What needs to be done:
All that is wanted is the exact text of the lines below from the one with "The VSS Unity's" through the one with "Tired Mom Club Varsity T-shirt", inclusive, minus any pictures.

───── Records for this task

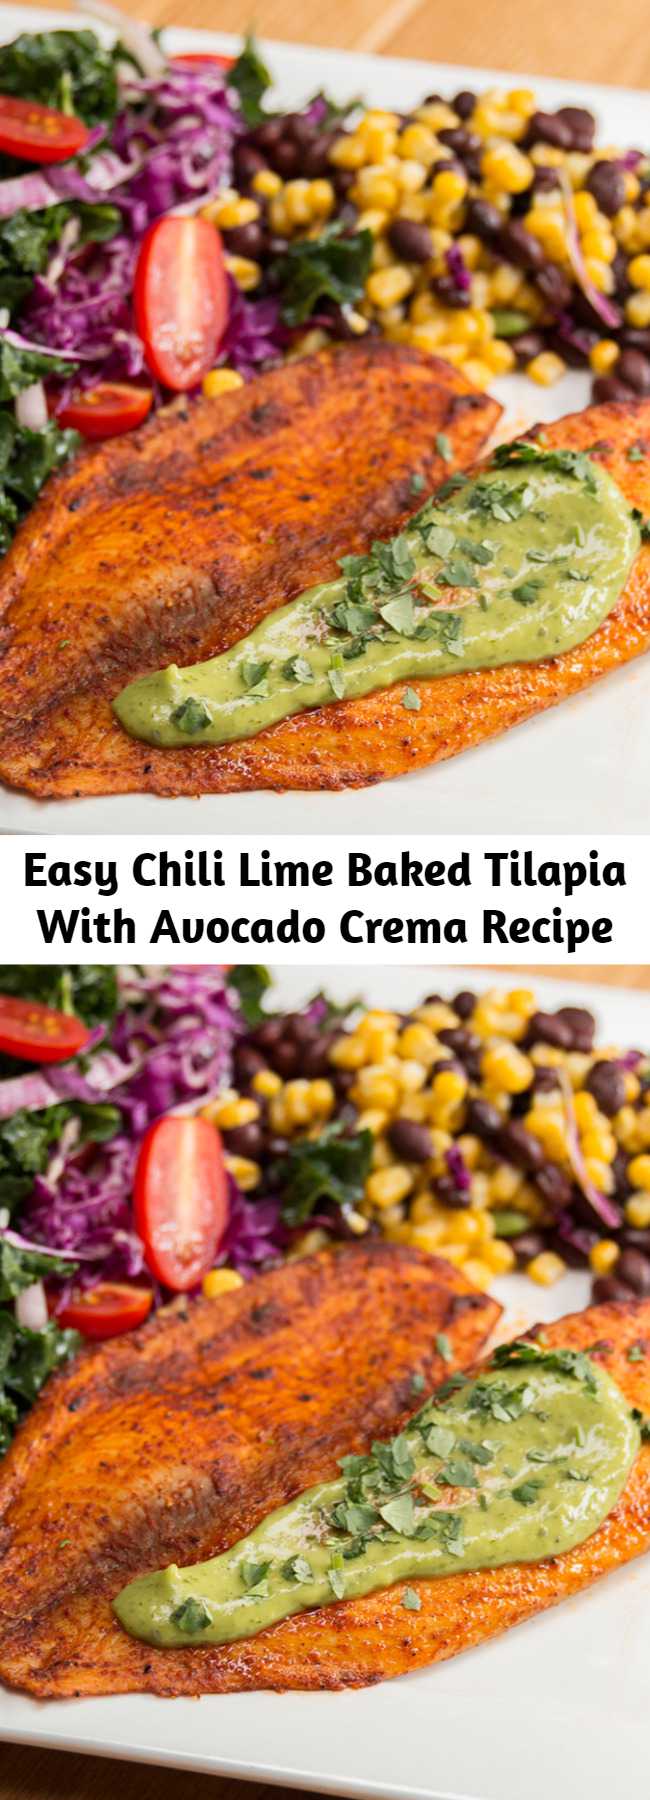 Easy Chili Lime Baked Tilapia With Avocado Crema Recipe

──────────
───── Records for this task

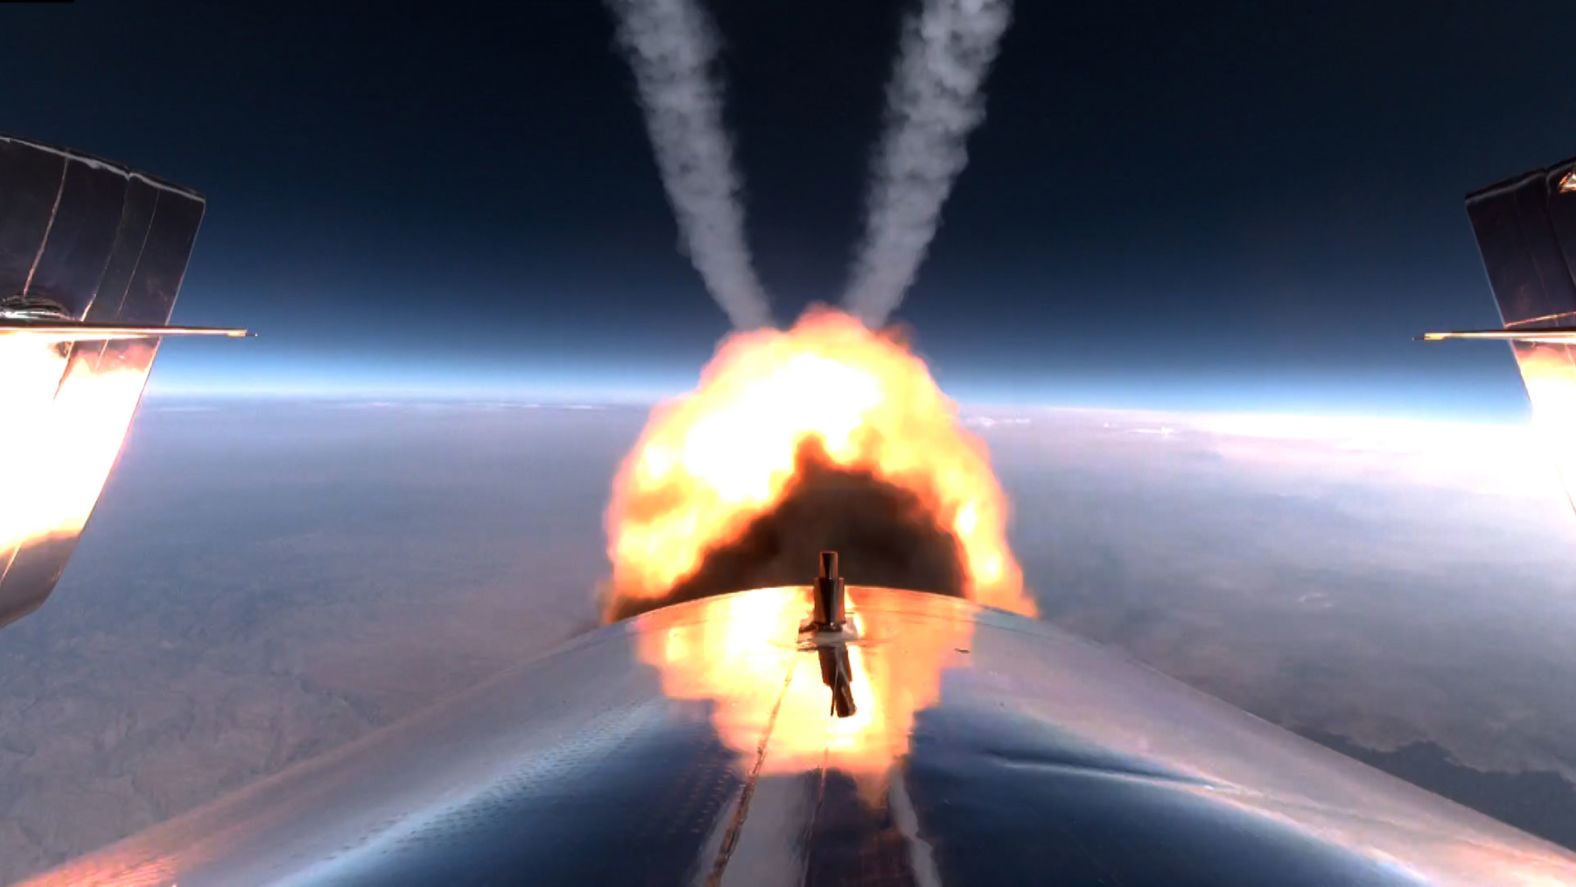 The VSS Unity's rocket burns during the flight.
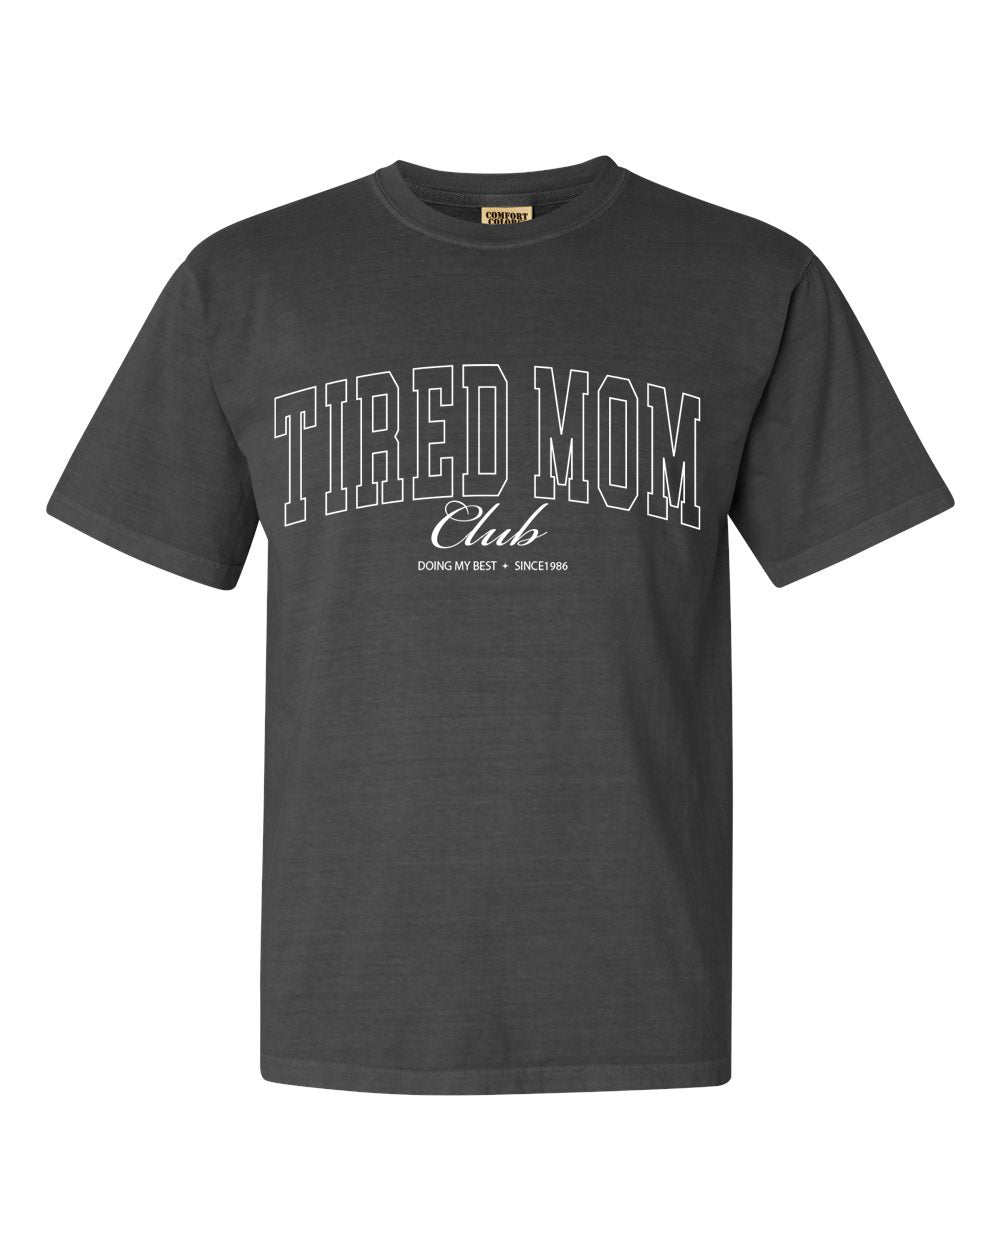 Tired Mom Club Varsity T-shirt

──────────

Finished exercise:
 The VSS Unity's rocket burns during the flight.
 Tired Mom Club Varsity T-shirt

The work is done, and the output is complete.